Machine Vision and Image Processing MVIP 2011, November 15-17, Teheran, Iran
Keynote speaker
Title: Bayesian approach with prior models which enforce sparsity in signal and image processing Abstract Title: Bayesian approach with prior models which enforce sparsity in signal and image processing Abstract: In this talk, first I give an overview of the Bayesian approach for inverse problems arising in the field of signal and image processing. Then, I will mention different prior modelling for signals and images which can be used to enforse sparsity. Even if the sparsity can be directly on the original space or in a transformed space, the main tools do not change.

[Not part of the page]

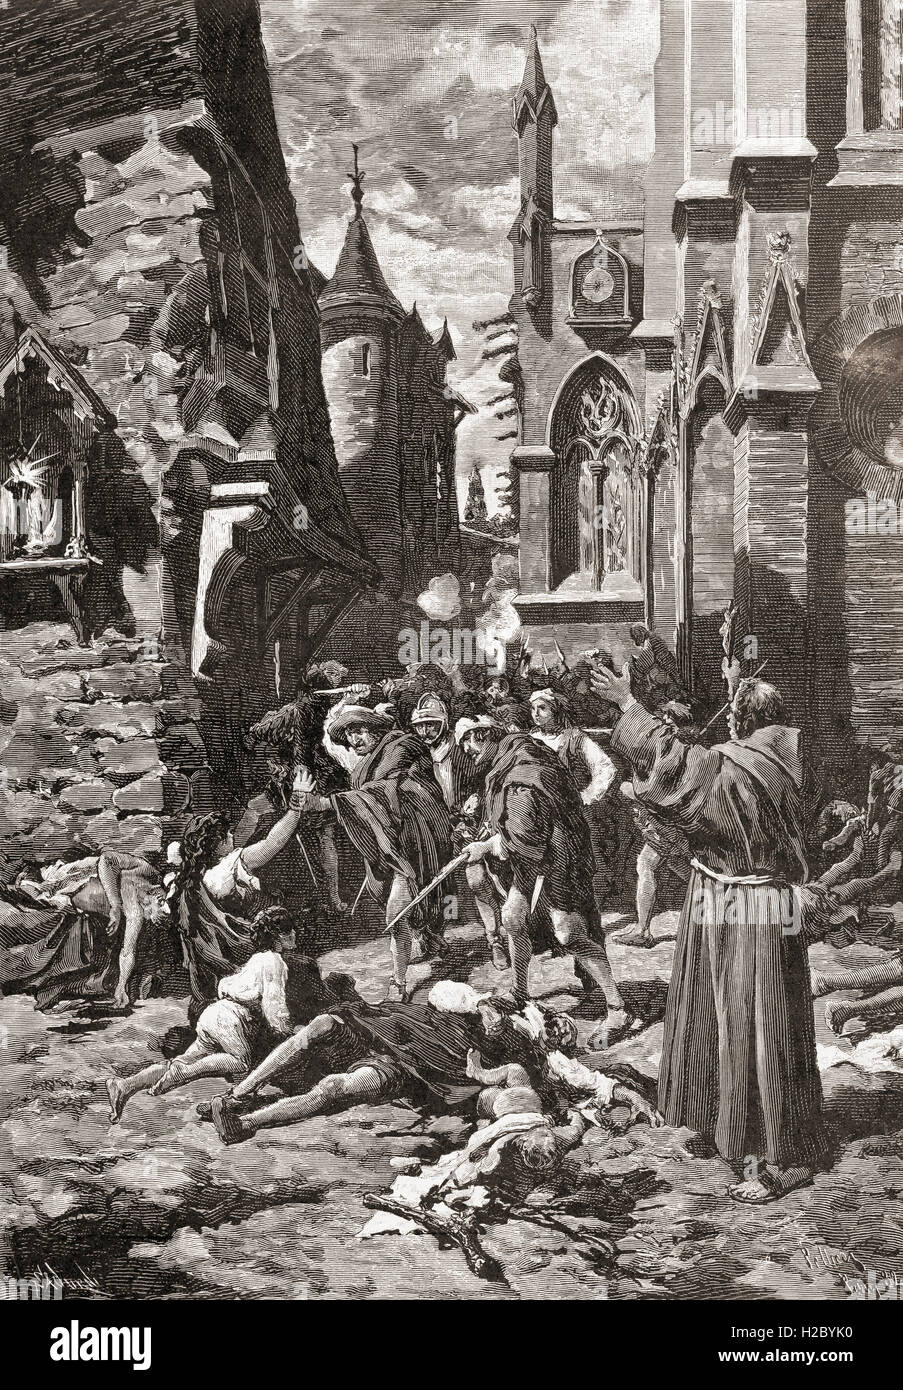 La Chiesa di San Bartolomeo del massacro di giorno a Parigi in Francia nel 1572, un gruppo mirato di assassini e un'onda di Cattolica la violenza della folla, diretto contro ugonotti (calvinista francese protestanti) durante il francese guerre di religione. Foto Stock

Here we consider it directly on the original space (impulsive signals). Between the possible models, we focus on some of them which are either heavy tailed (Generalized Gaussian, Student-t or Cauchy) or mixture models (Mixture of Gaussians, Bernouilli-Gaussian, Bernouilli-Gamma,..). Depending on the prior model selected, the Bayesian computations (optimization for the Joint Maximum A Posteriori (MAP) estimate or MCMC or Variational Bayes Approximations (VBA) for Posterior Means (PM) or complete density estimation) may become more complex. We will see that the hierarchical models are more appropriate for handeling more complex situations. We propose these models, discuss on different possible Bayesian estimators, describe the corresponding appropriate algorithms, and discuss on their corresponding relative complexities and performances. We show the results of the proposed methods on some applications such as Signal deconvolution, Sources separation or localisation, Image restoration, Computed Tomography with X rays or diffracted waves, etc.